More than 2 million Yemeni children under the age of 5 are expected to endure acute malnutrition in 2021, four United Nations agencies said on Friday. These agencies also urged stakeholders to end the years-long conflict that has brought the country to the brink of famine.

The U.N. report warned that nearly one in six of those kids — 400,000 of the 2.3 million — are at risk of death due to severe acute malnutrition this year, a significant increase from last year’s estimates. The report also said a lack of funds was hampering humanitarian programs in Yemen, as donor nations have failed to make good on their commitments.
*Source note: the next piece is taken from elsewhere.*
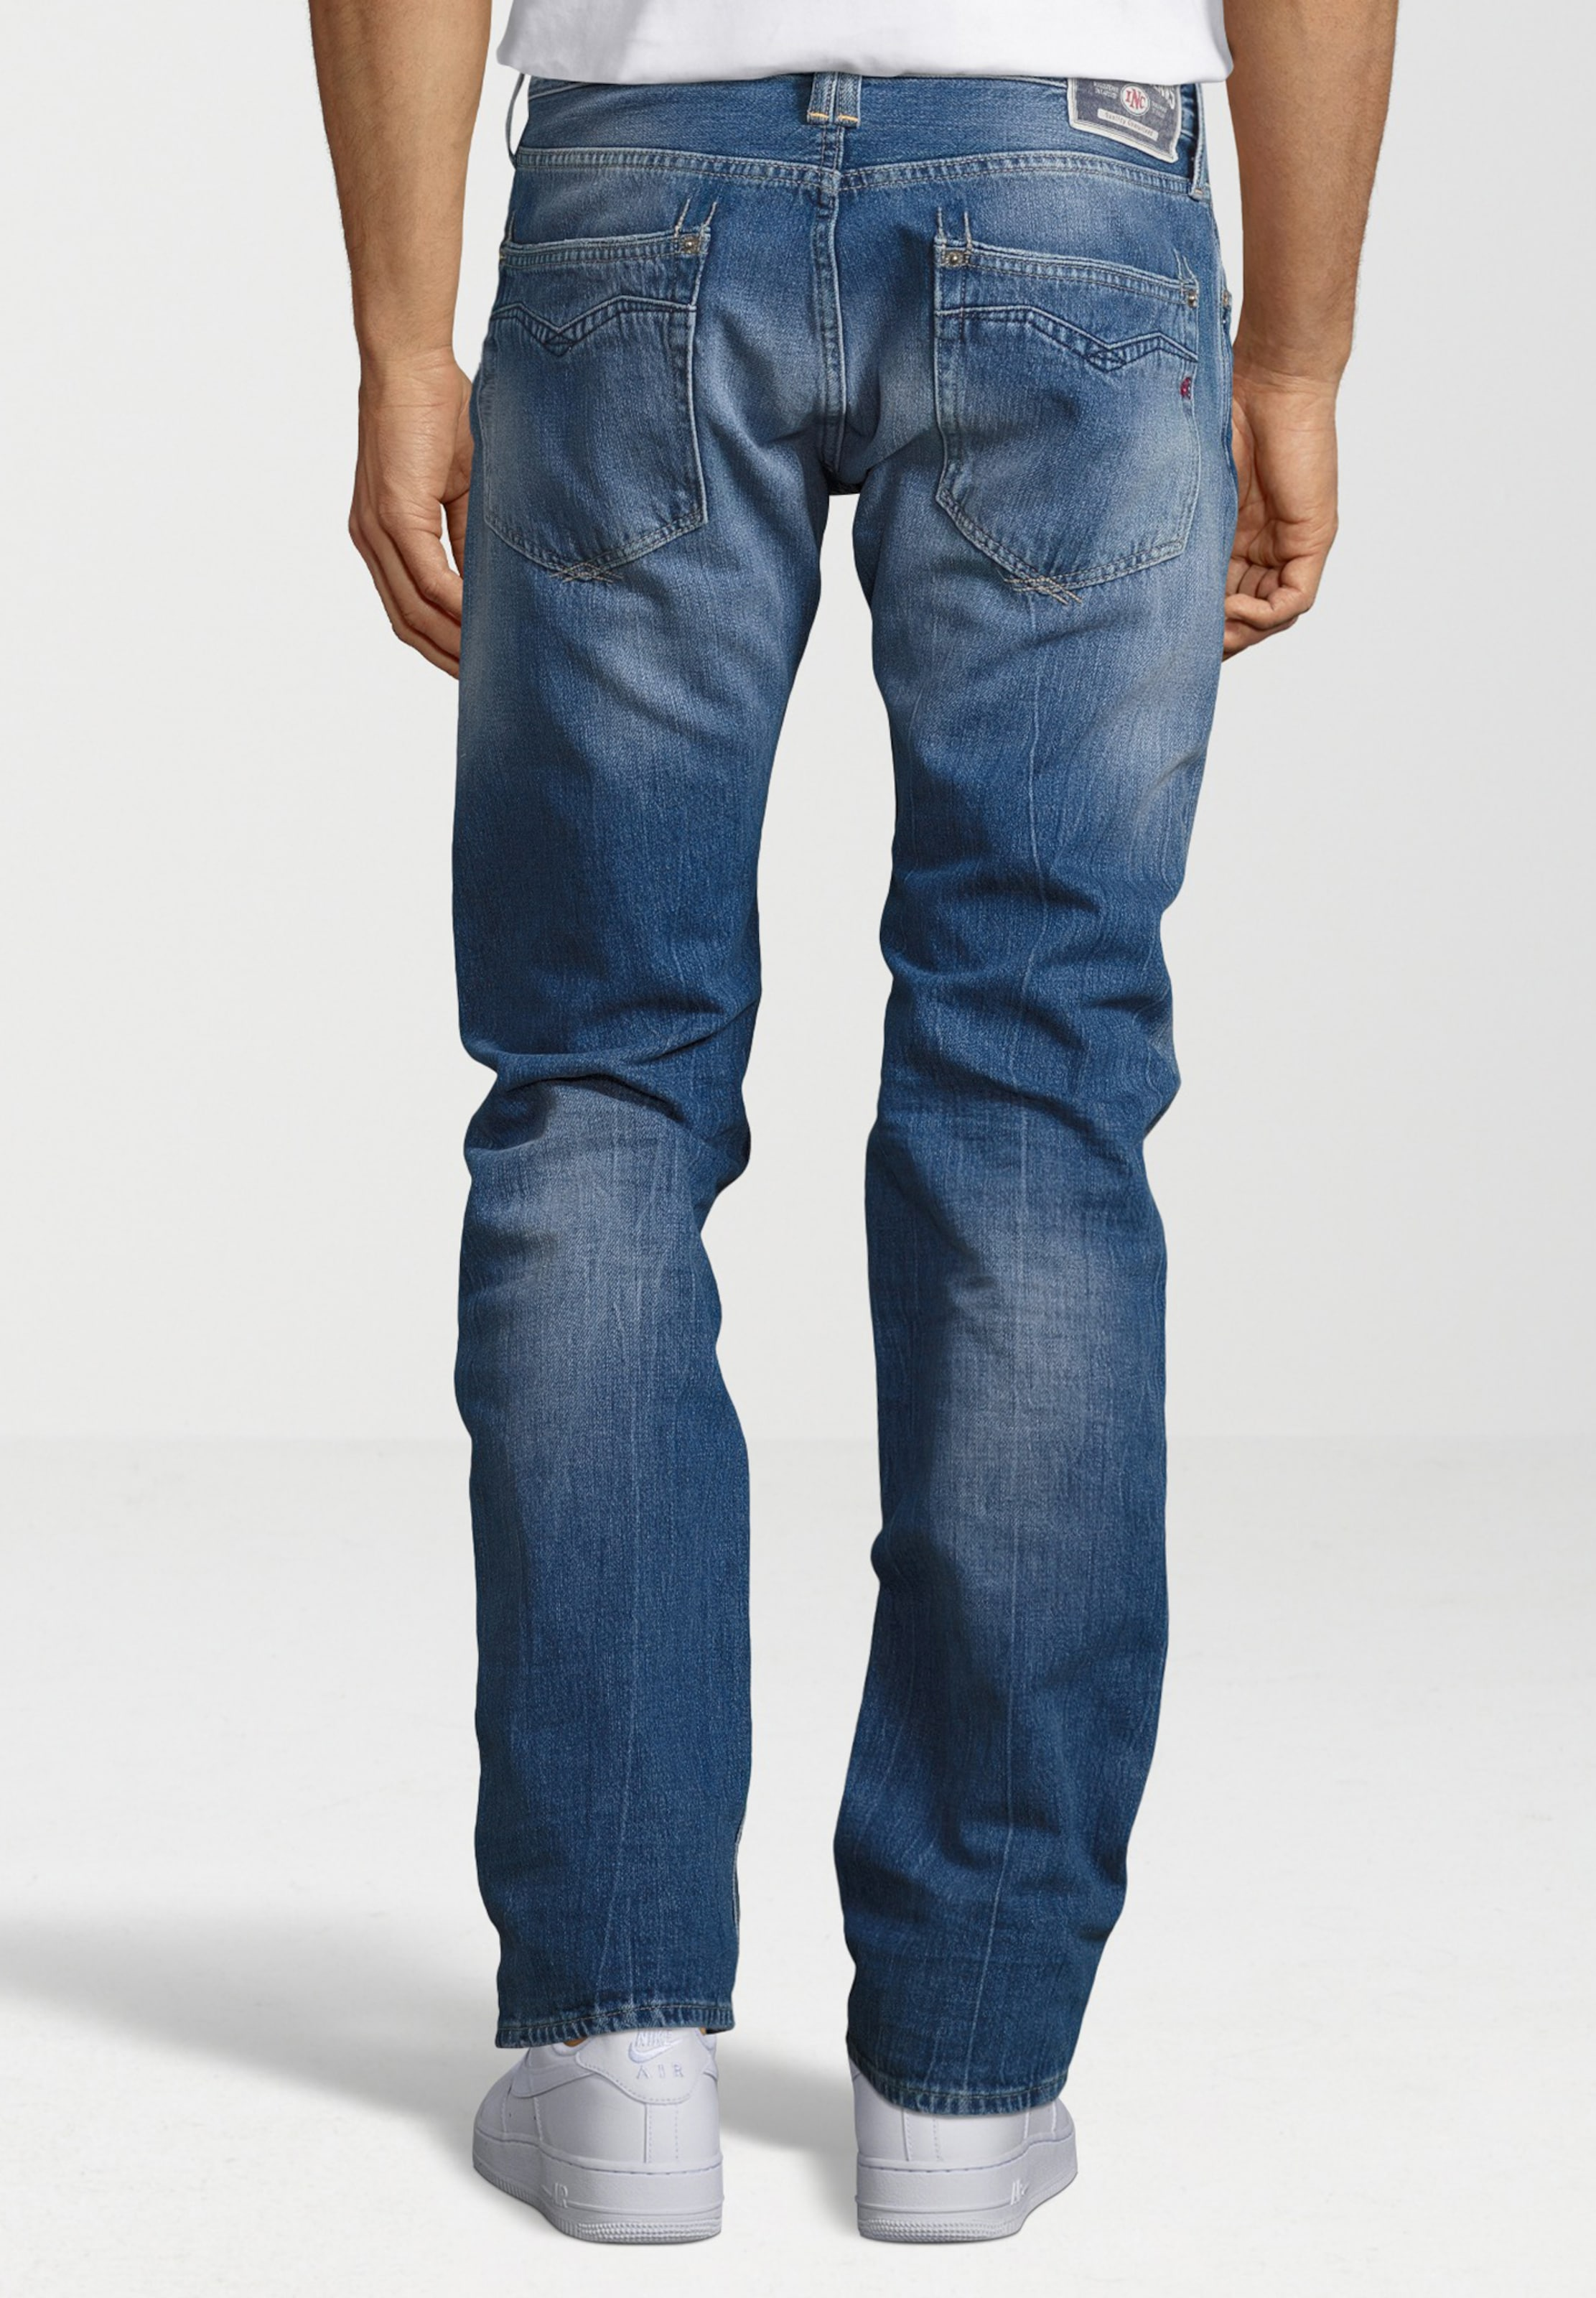 Blau Cotton In Denim' Replay Jeans 'newbill sdhQtr

“These numbers are yet another cry for help from Yemen, where each malnourished child also means a family struggling to survive,” said David Beasley, executive director of the World Food Programme, which jointly issued the report with the Food and Agriculture Organisation, Unicef and the World Health Organisation (WHO). “The crisis in Yemen is a toxic mix of conflict, economic collapse and a severe shortage of funding,” Beasley explained. In 2020, humanitarian programmes in Yemen received only $1.9 billion of the required $3.4bn, the report said. UNICEF estimates that virtually all of Yemen’s 12m children require some sort of assistance. This can include food aid, health services, clean water, schooling and cash grants to help the poorest families scrape by. “But there is a solution to hunger, and that’s food and an end to the violence,” Beasley said.
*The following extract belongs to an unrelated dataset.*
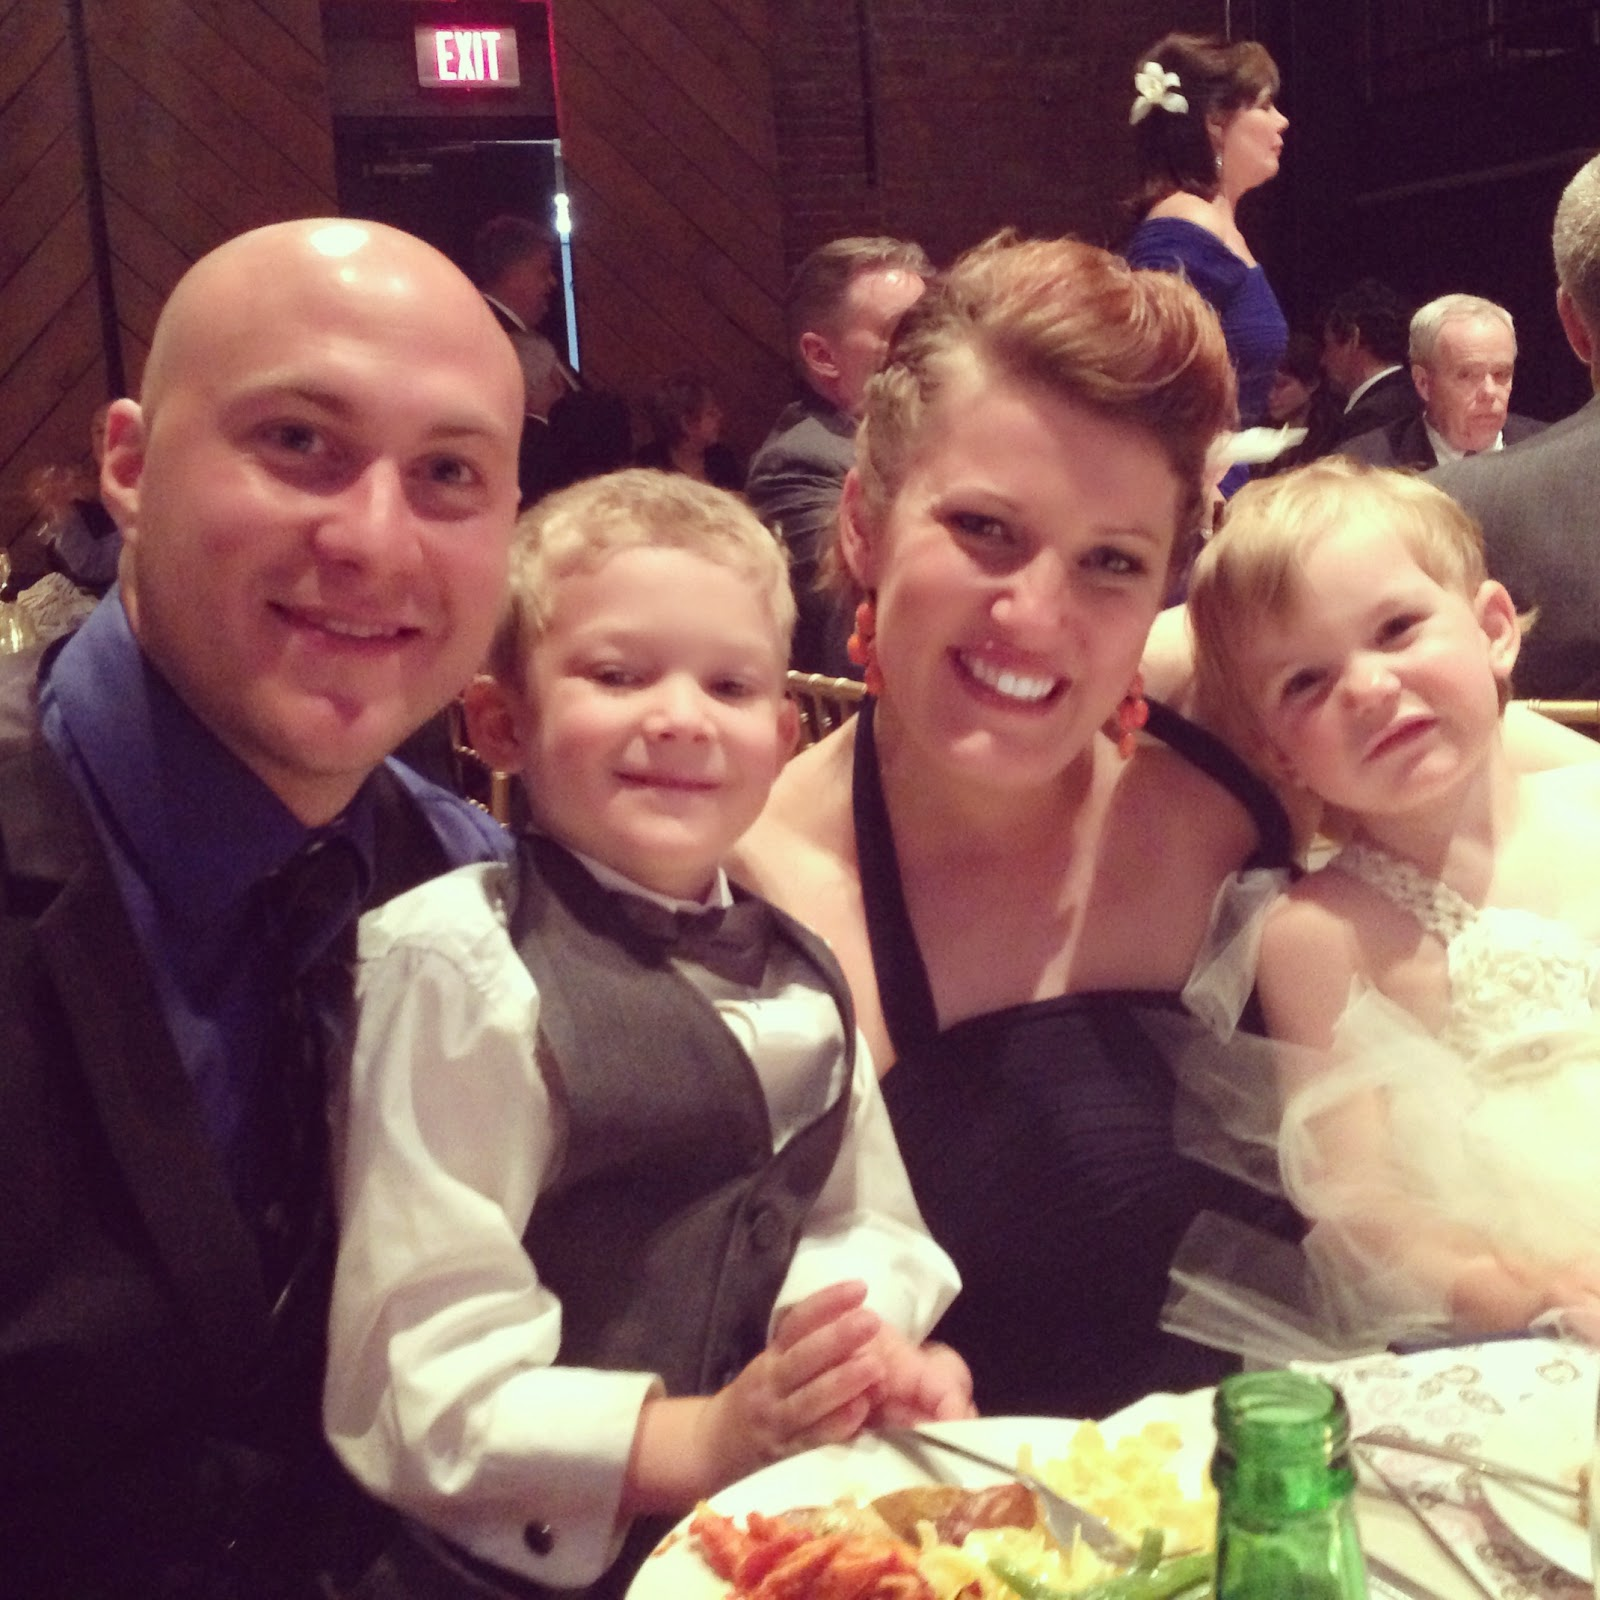 Team Studer: The Love Wedding

“Malnourished children are more vulnerable to diseases . It is a vicious and often deadly cycle, but with relatively cheap and simple interventions, many lives can be saved,” said WHO Director-General Tedros Adhanom Ghebreyesus. Yemenis have suffered six years of bloodshed, destruction and humanitarian catastrophe. In 2014, the Iran-allied Houthi rebels seized the capital and much of the country’s north.